DATA FOR THE TASK
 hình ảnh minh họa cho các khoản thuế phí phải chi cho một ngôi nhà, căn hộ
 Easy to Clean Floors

---

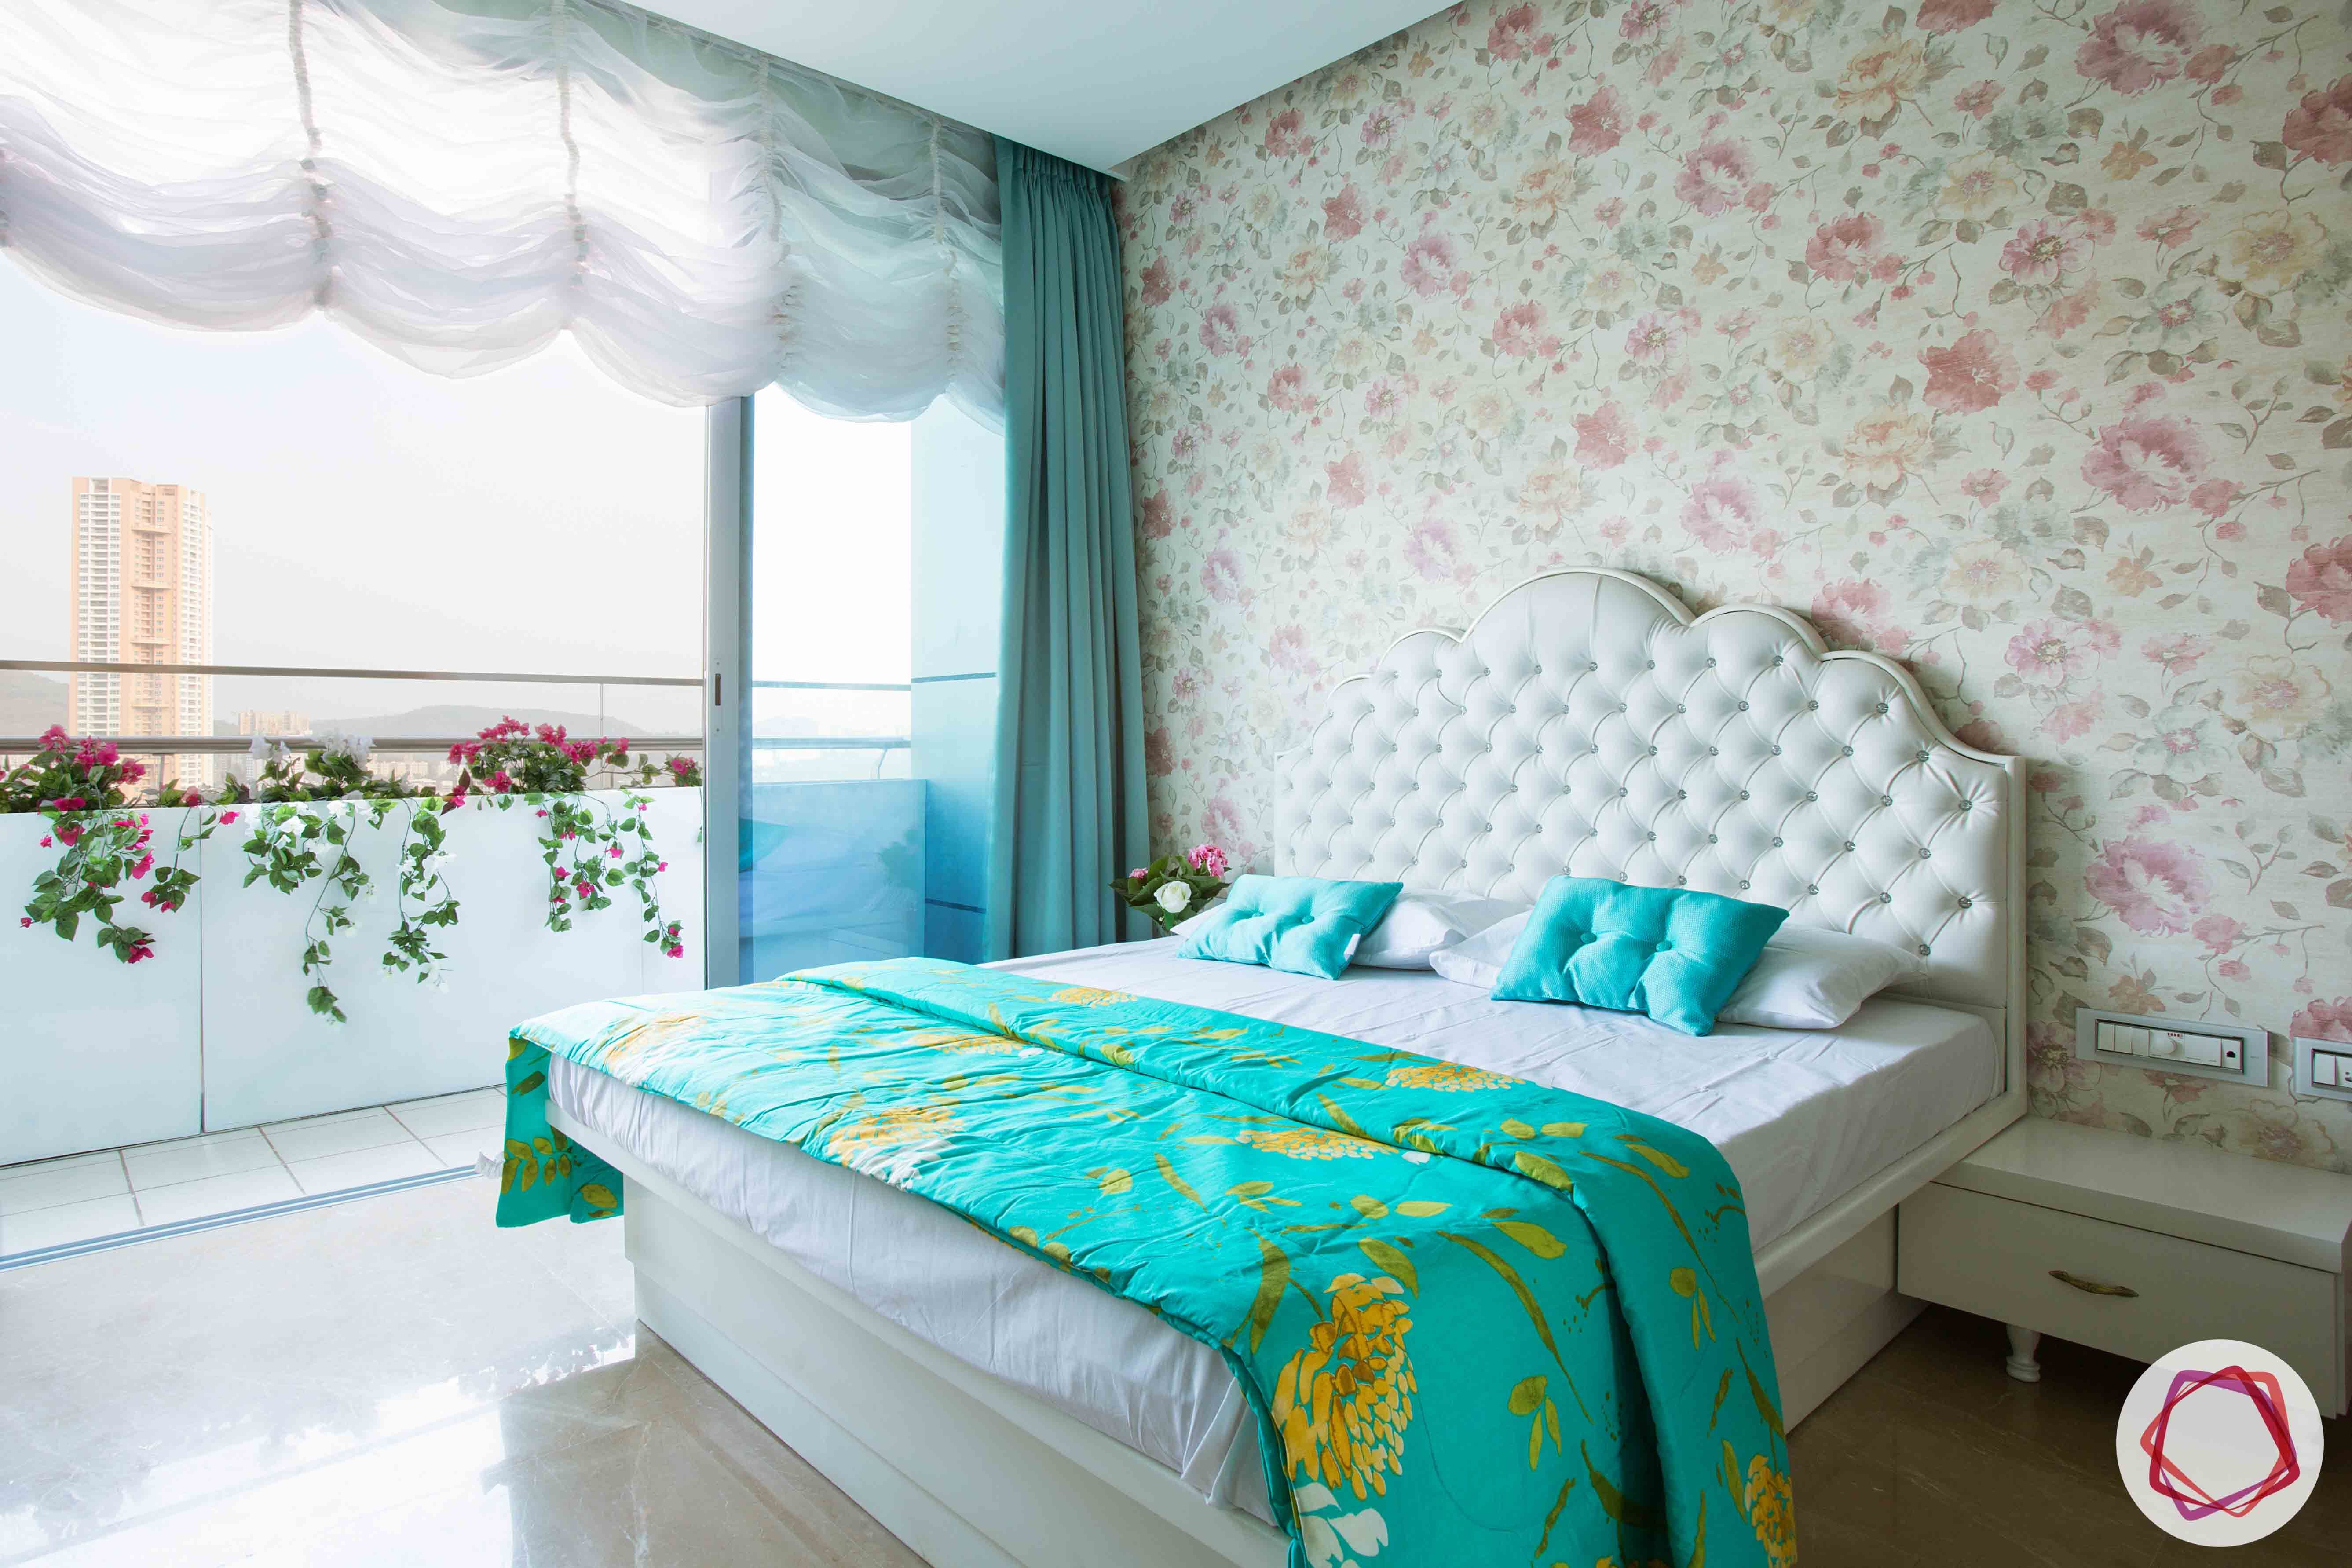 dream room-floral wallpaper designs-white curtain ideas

==

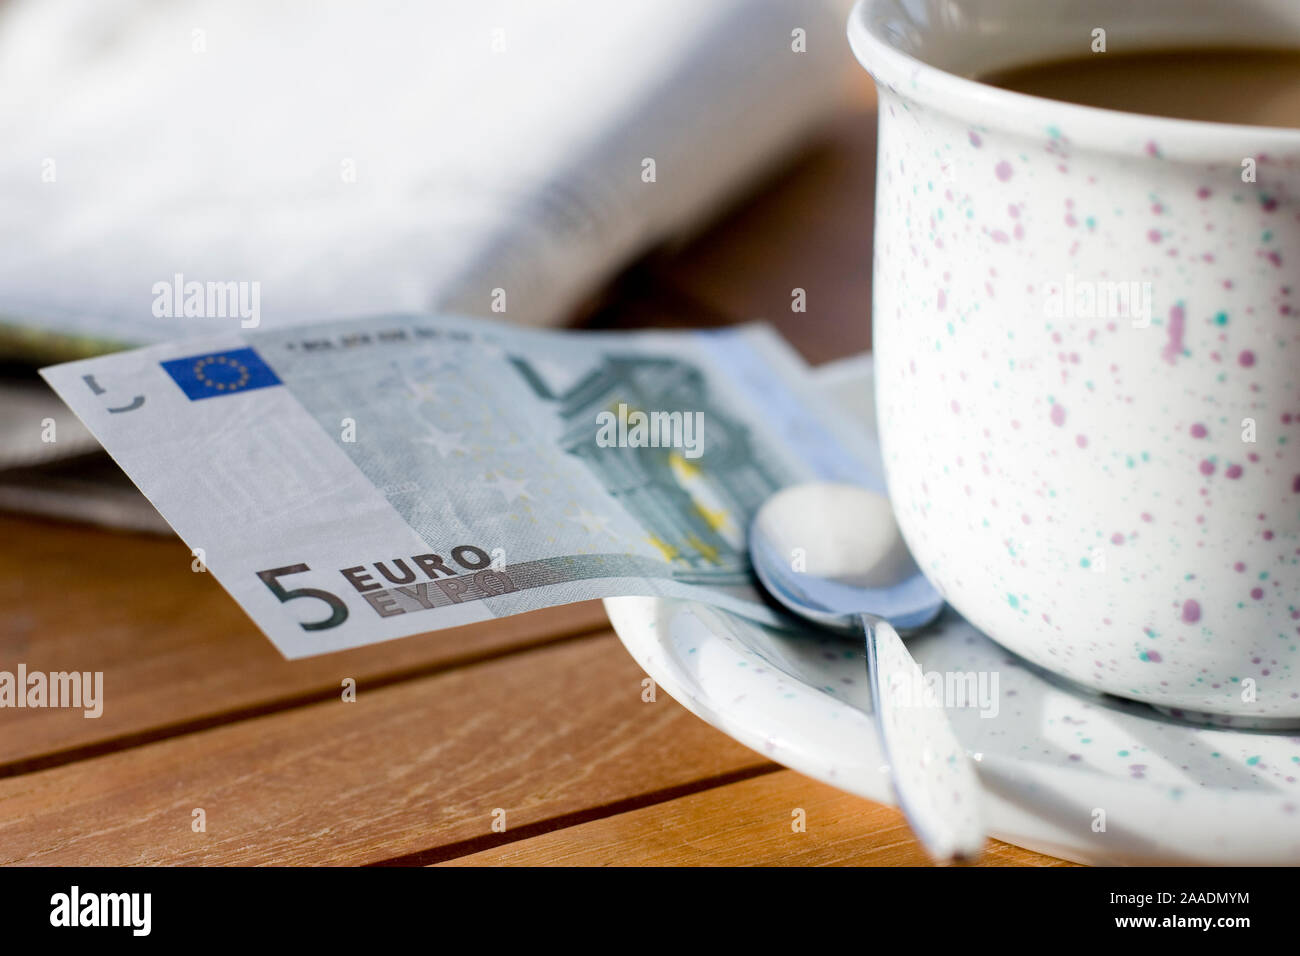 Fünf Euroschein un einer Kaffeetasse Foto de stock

INSTRUCTIONS TO FOLLOW
Output exactly the lines of the material above from the one containing "hình ảnh minh" up to and including the one containing "Easy to Clean Floors".

RESPONSE TO THIS TASK
 hình ảnh minh họa cho các khoản thuế phí phải chi cho một ngôi nhà, căn hộ
 Easy to Clean Floors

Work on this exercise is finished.